GIVEN MATERIAL
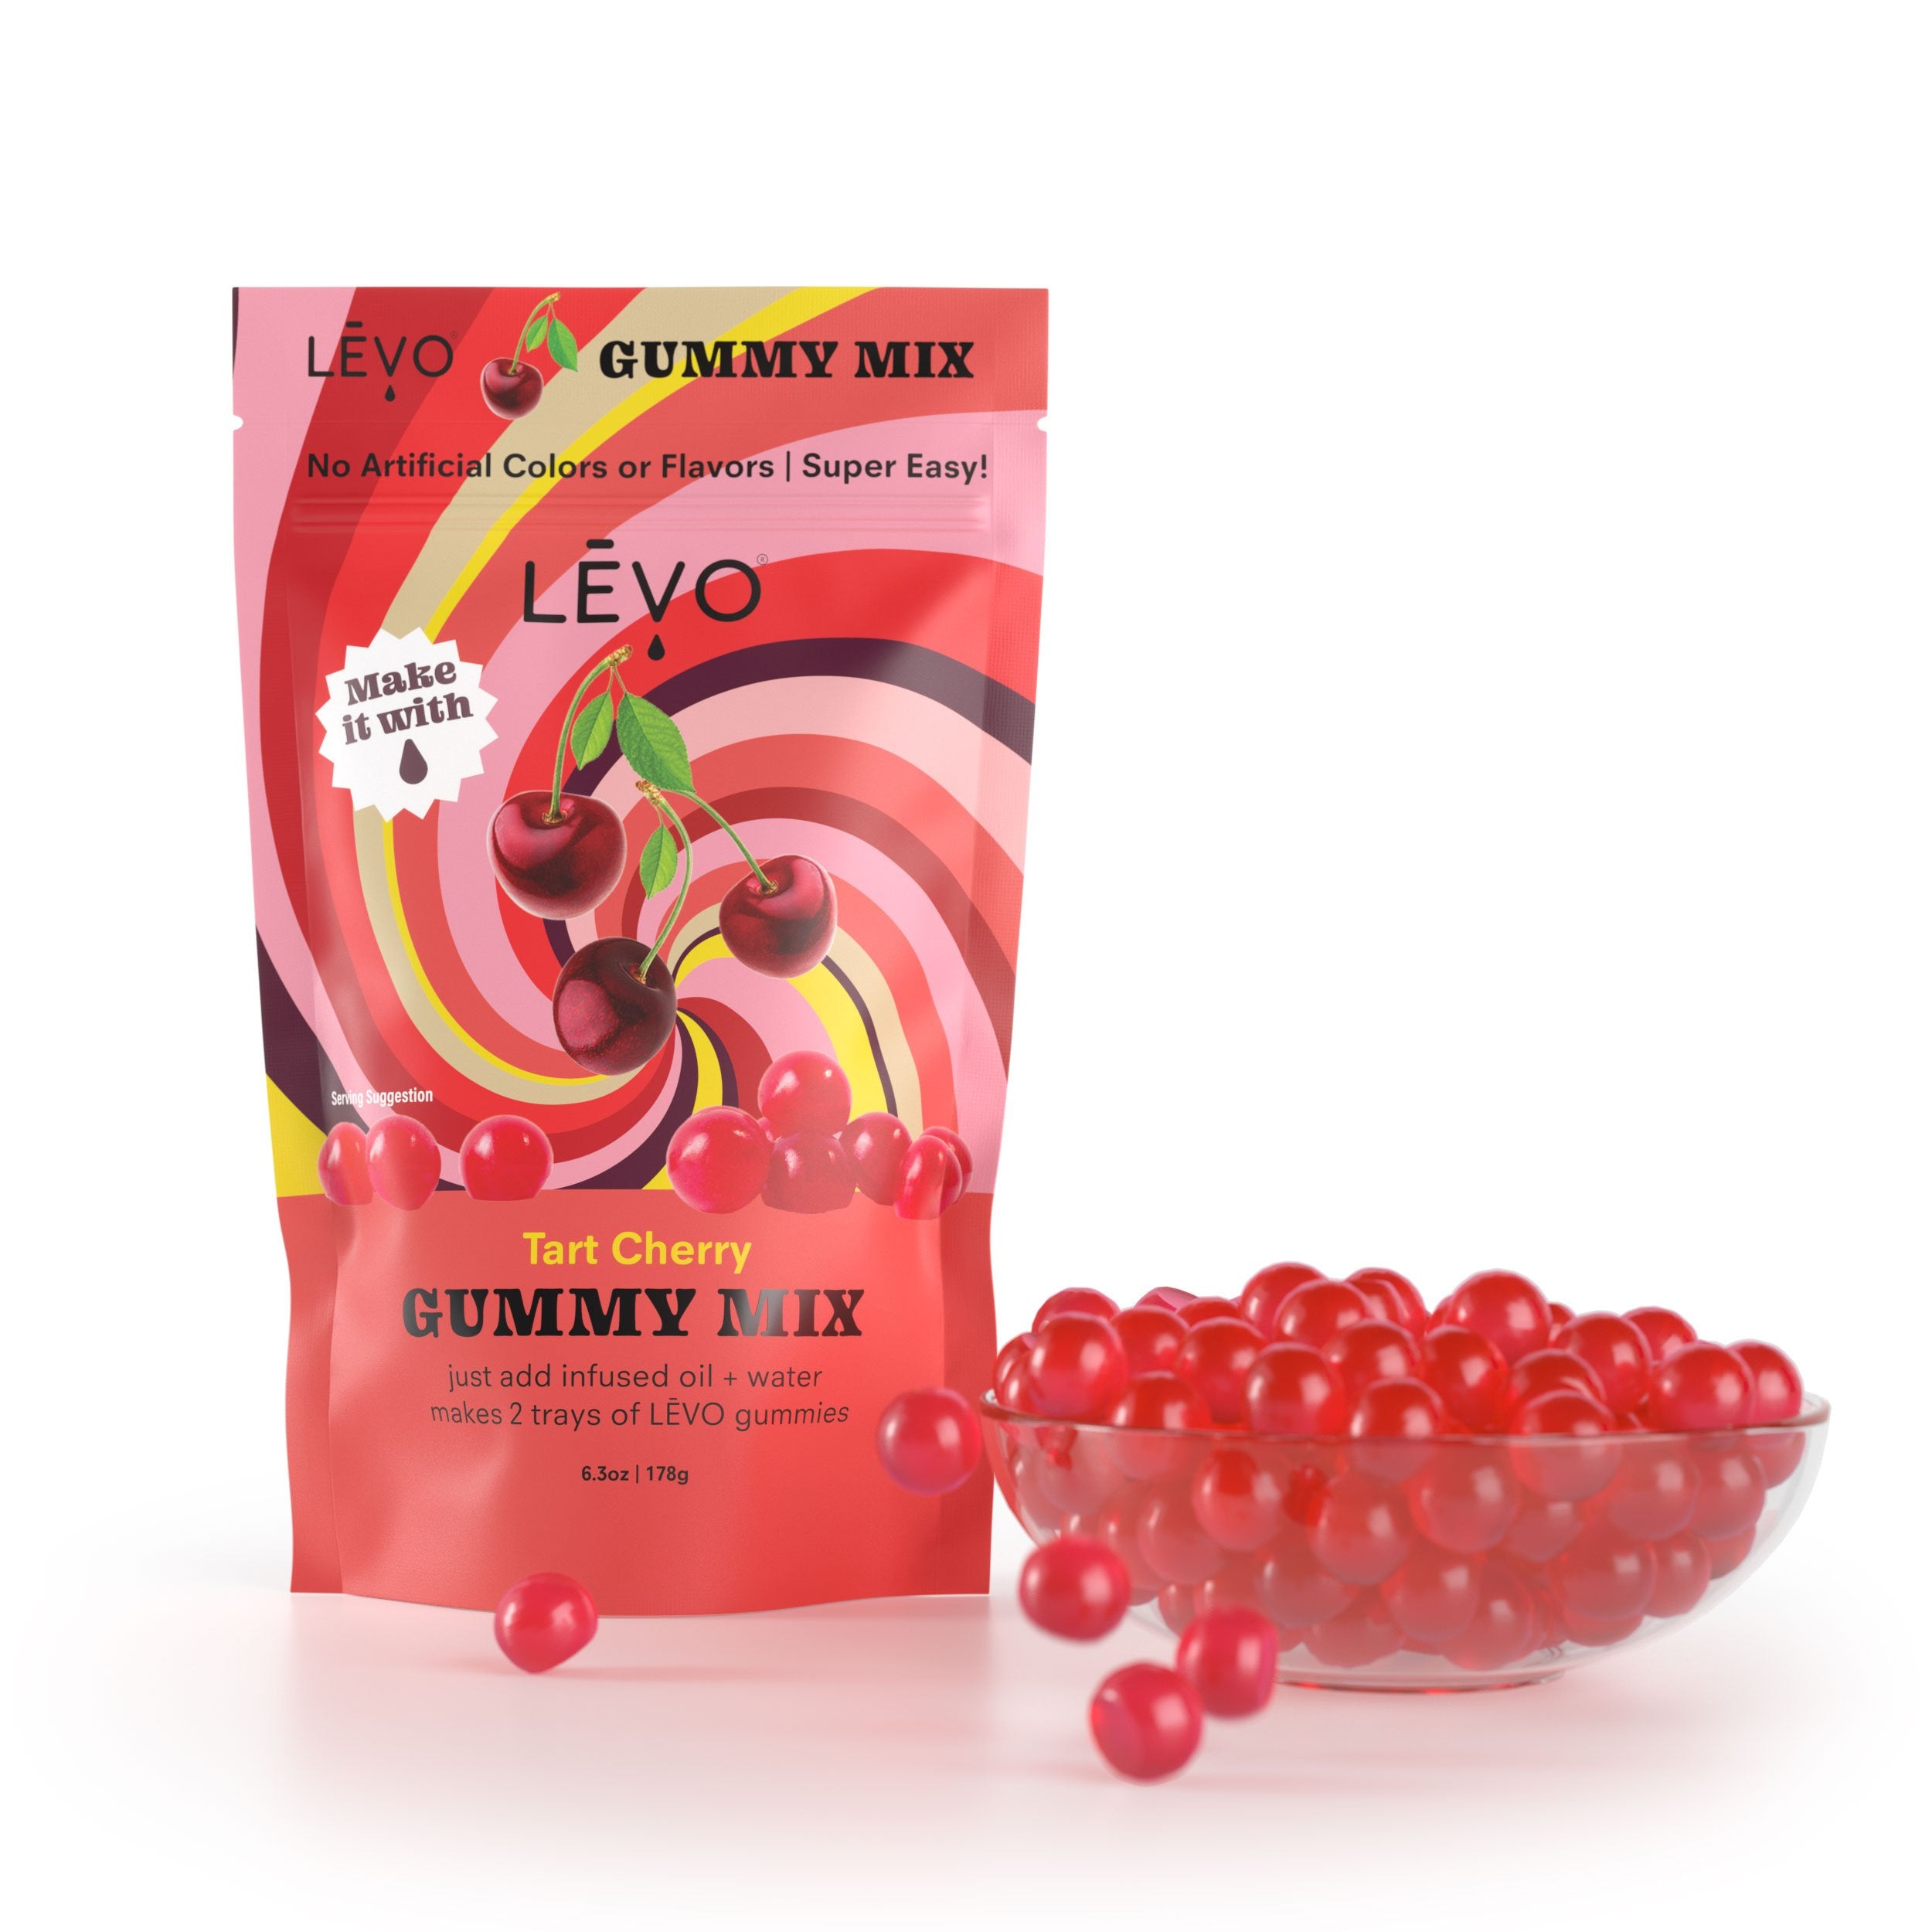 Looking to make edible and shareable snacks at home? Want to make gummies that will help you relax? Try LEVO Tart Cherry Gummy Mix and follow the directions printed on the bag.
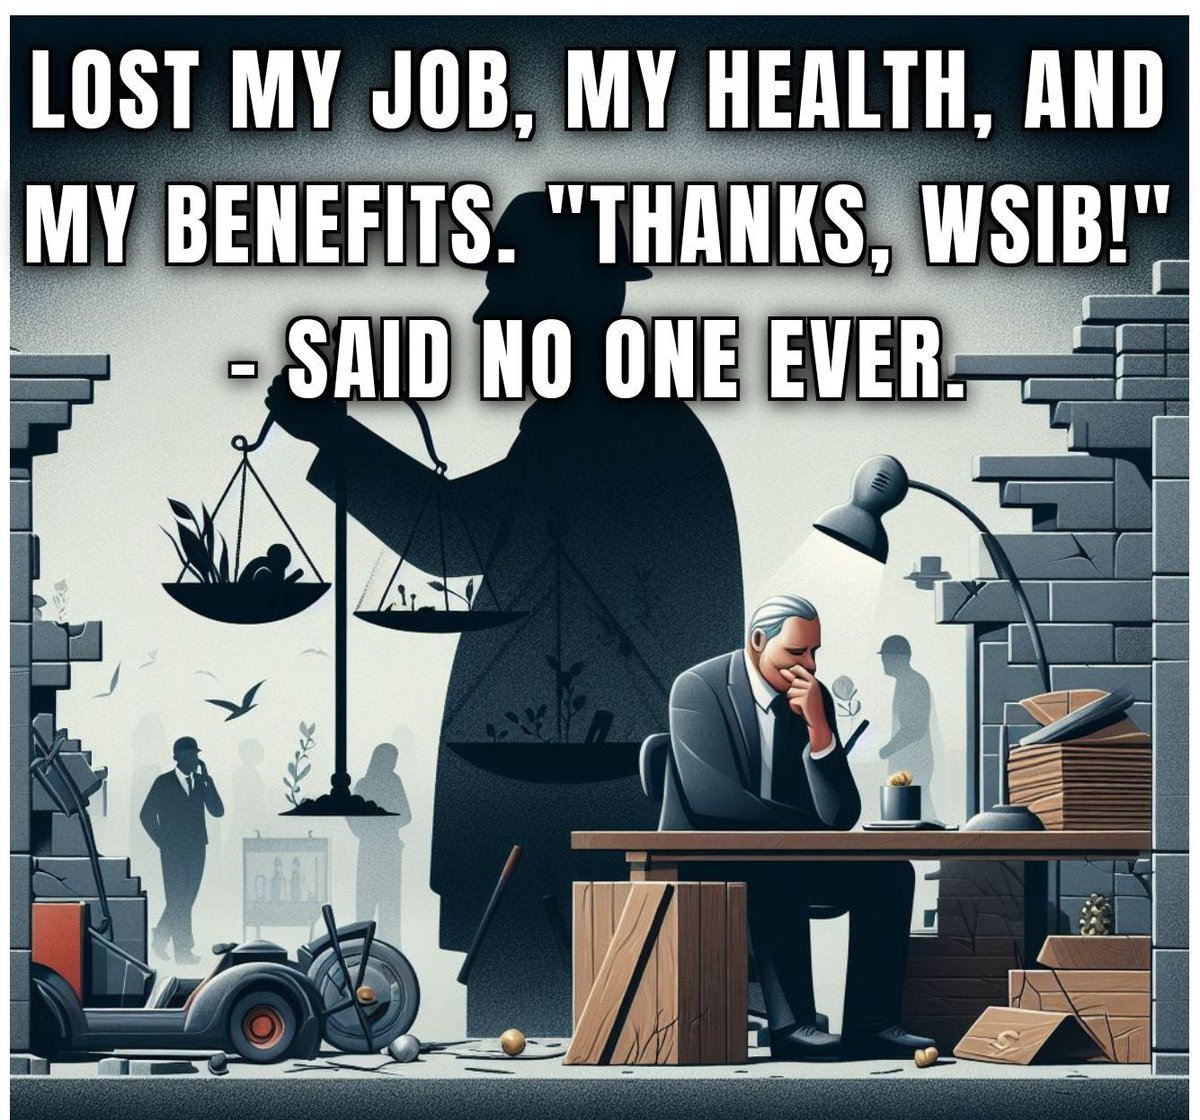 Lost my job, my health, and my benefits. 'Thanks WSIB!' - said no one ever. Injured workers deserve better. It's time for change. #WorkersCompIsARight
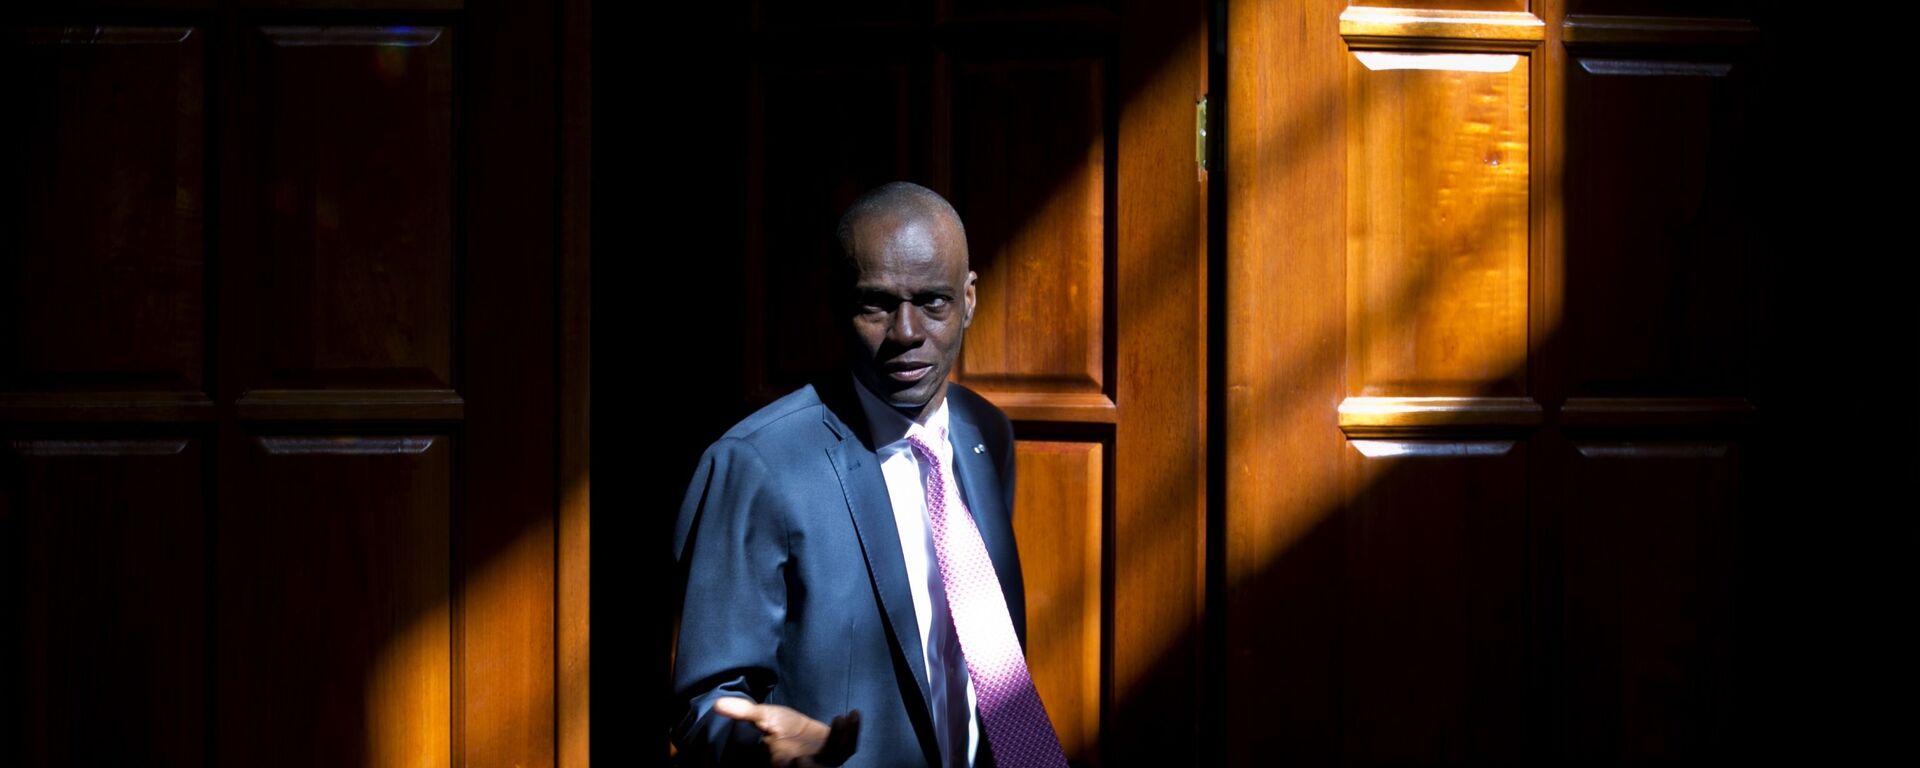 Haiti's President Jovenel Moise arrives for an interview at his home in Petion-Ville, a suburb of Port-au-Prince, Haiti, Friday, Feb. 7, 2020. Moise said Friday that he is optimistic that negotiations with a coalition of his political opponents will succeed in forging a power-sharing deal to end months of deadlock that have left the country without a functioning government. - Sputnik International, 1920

WHAT IS BEING ASKED
When you retype the listing, keep every line exactly as it is and drop the pictures.

SOLUTION FOR THIS TASK
 Looking to make edible and shareable snacks at home? Want to make gummies that will help you relax? Try LEVO Tart Cherry Gummy Mix and follow the directions printed on the bag.
 Lost my job, my health, and my benefits. 'Thanks WSIB!' - said no one ever. Injured workers deserve better. It's time for change. #WorkersCompIsARight
 Haiti's President Jovenel Moise arrives for an interview at his home in Petion-Ville, a suburb of Port-au-Prince, Haiti, Friday, Feb. 7, 2020. Moise said Friday that he is optimistic that negotiations with a coalition of his political opponents will succeed in forging a power-sharing deal to end months of deadlock that have left the country without a functioning government. - Sputnik International, 1920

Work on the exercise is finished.